TASK DESCRIPTION: No pictures belong in the copy, but every line of the material below must be reproduced exactly.

DATA SECTION:
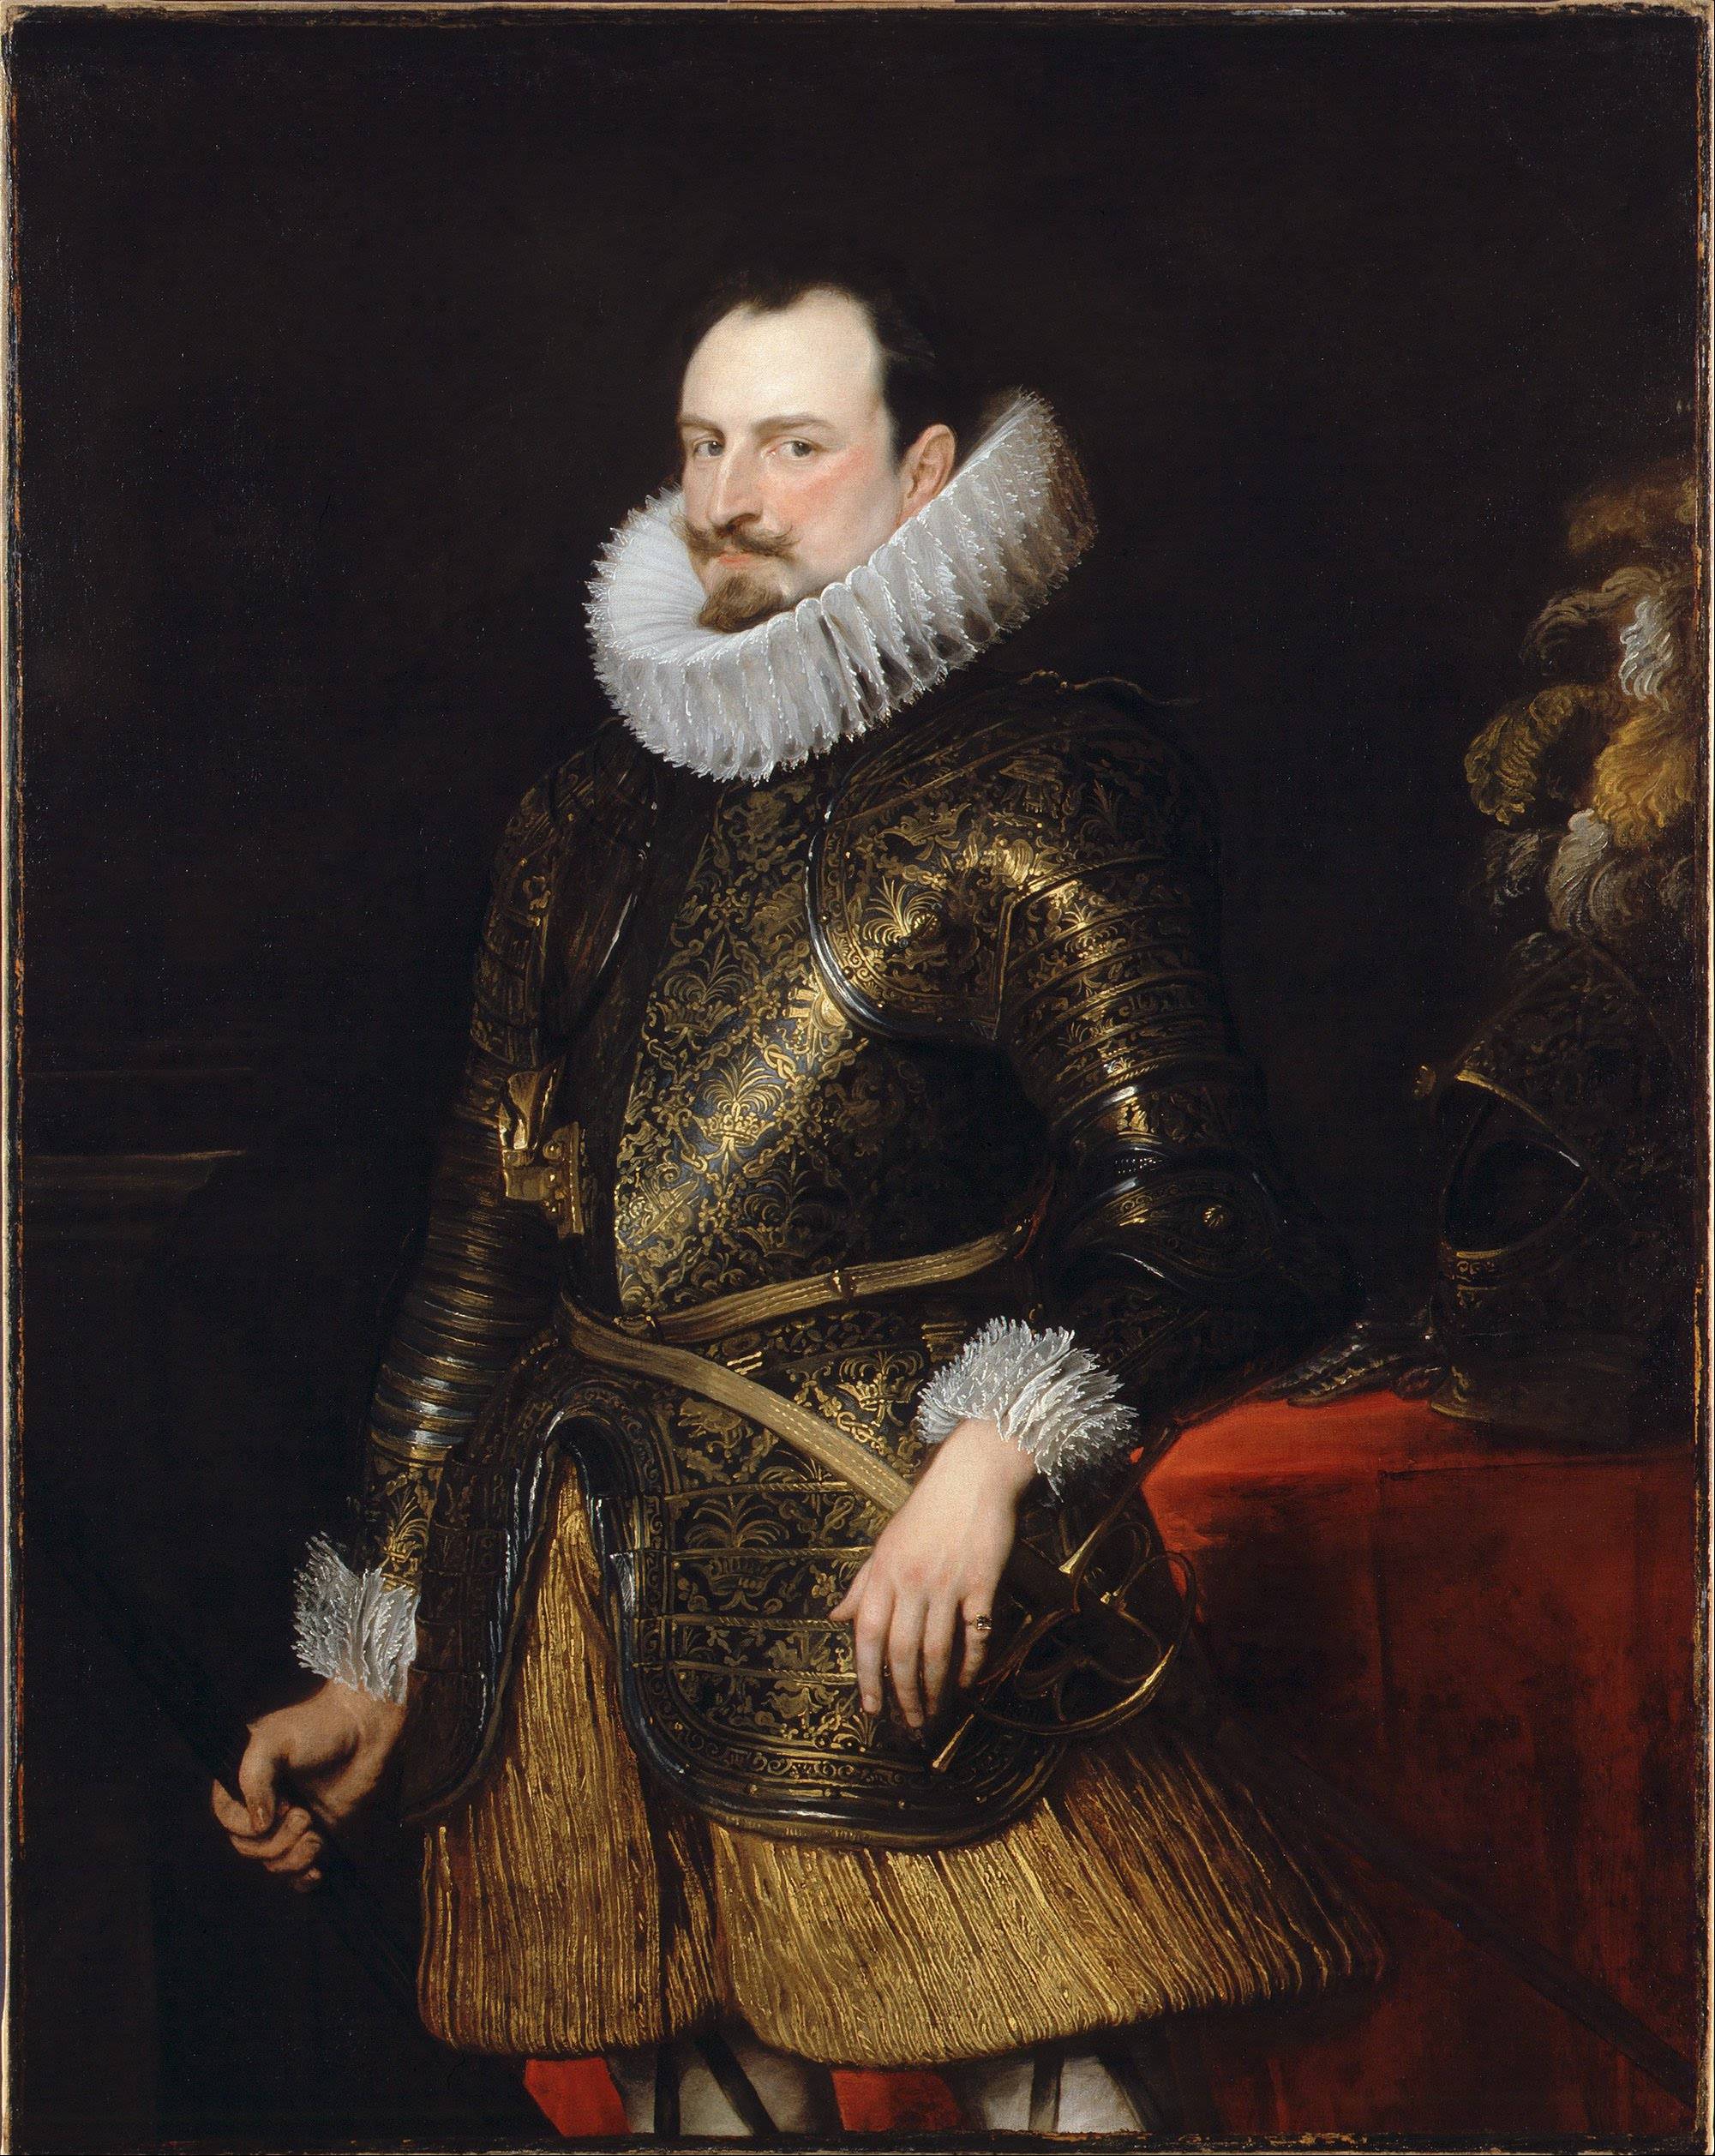 Anthony van Dyck (1624)
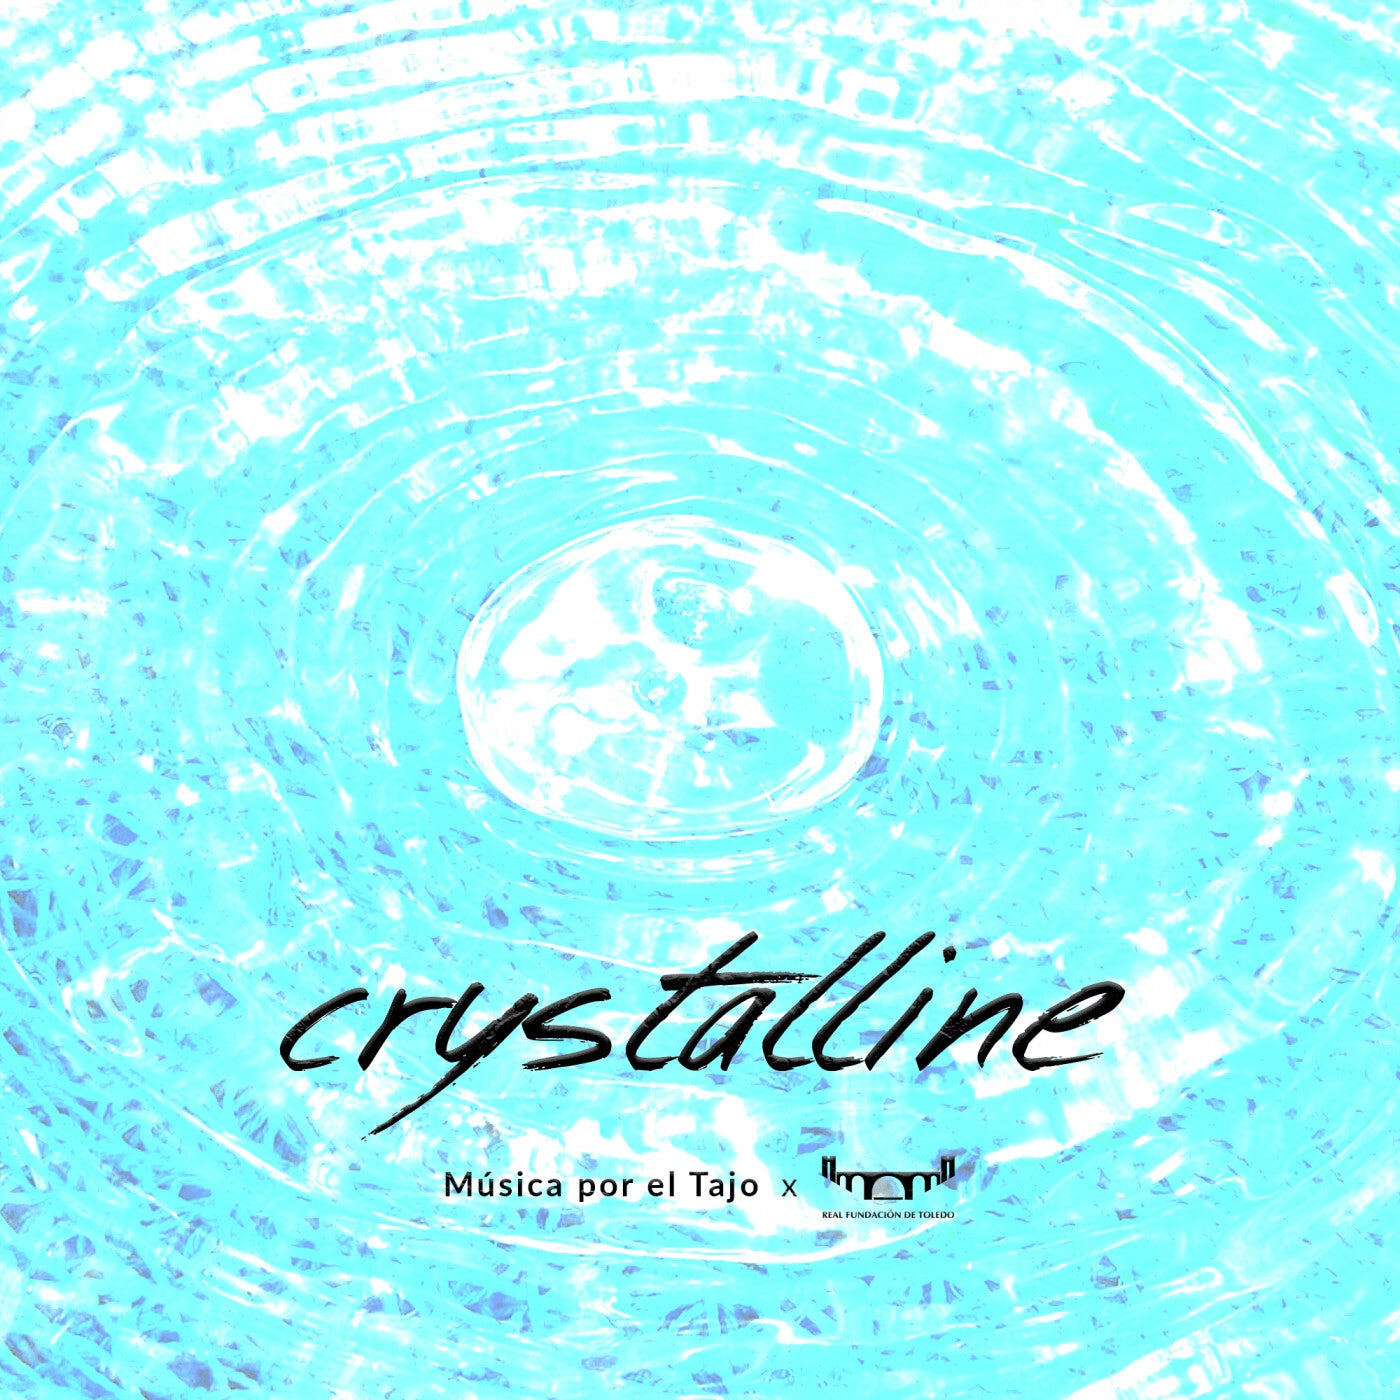 Crystalline (Música por el Tajo)
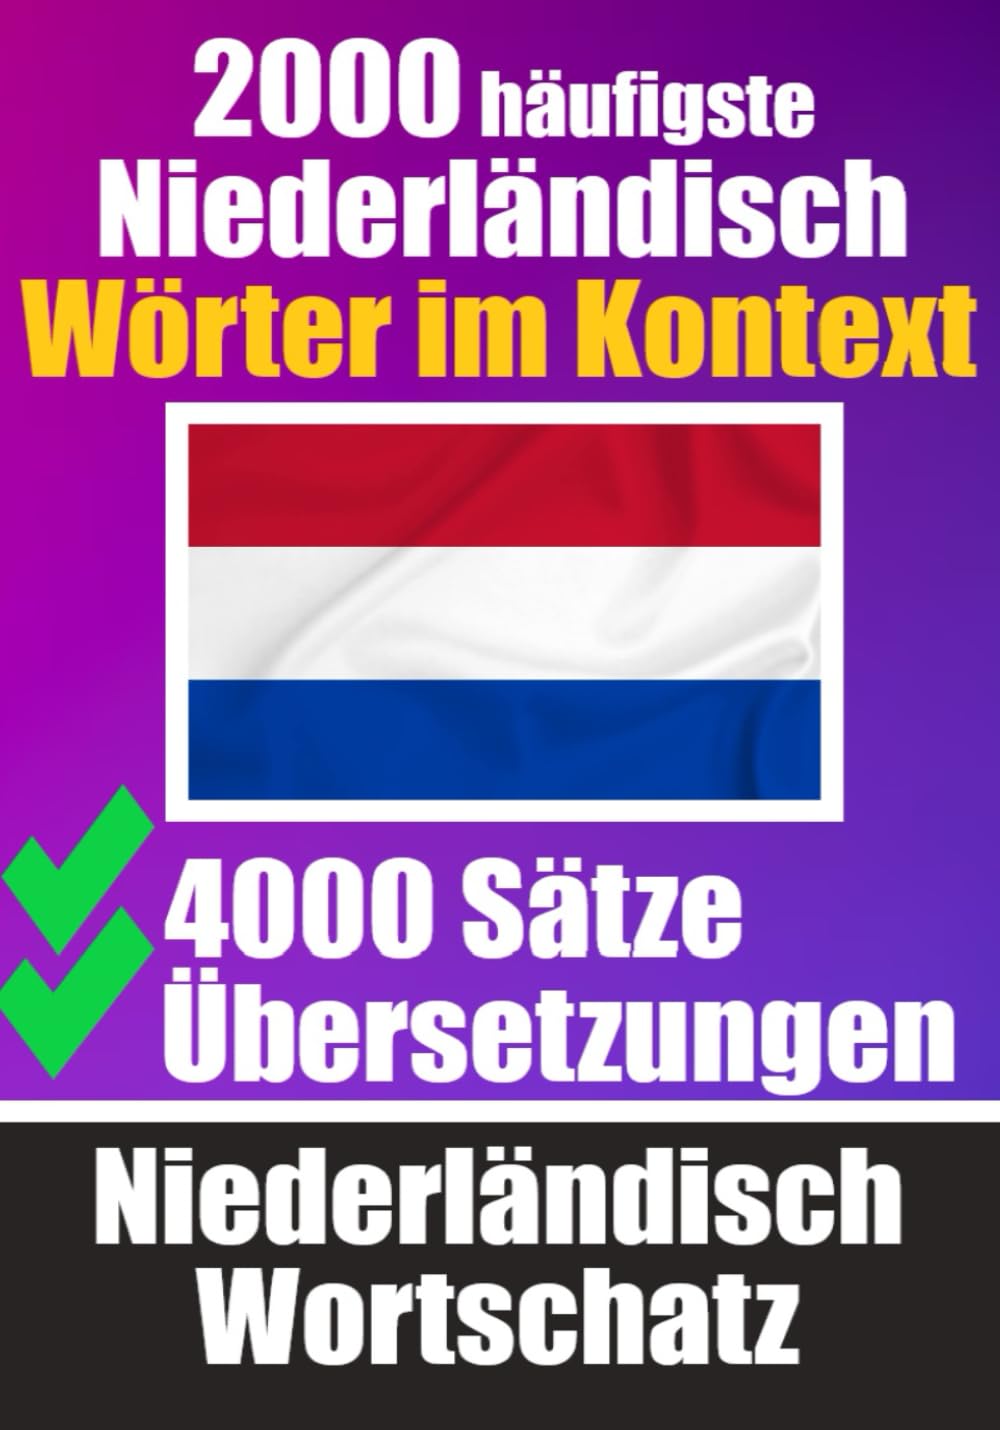 2000 Häufigste Niederländische Wörter im Kontext | 4000 Sätze mit Übersetzung - Skriuwer.com

RESPONSE TO THE TASK:
 Anthony van Dyck (1624)
 Crystalline (Música por el Tajo)
 2000 Häufigste Niederländische Wörter im Kontext | 4000 Sätze mit Übersetzung - Skriuwer.com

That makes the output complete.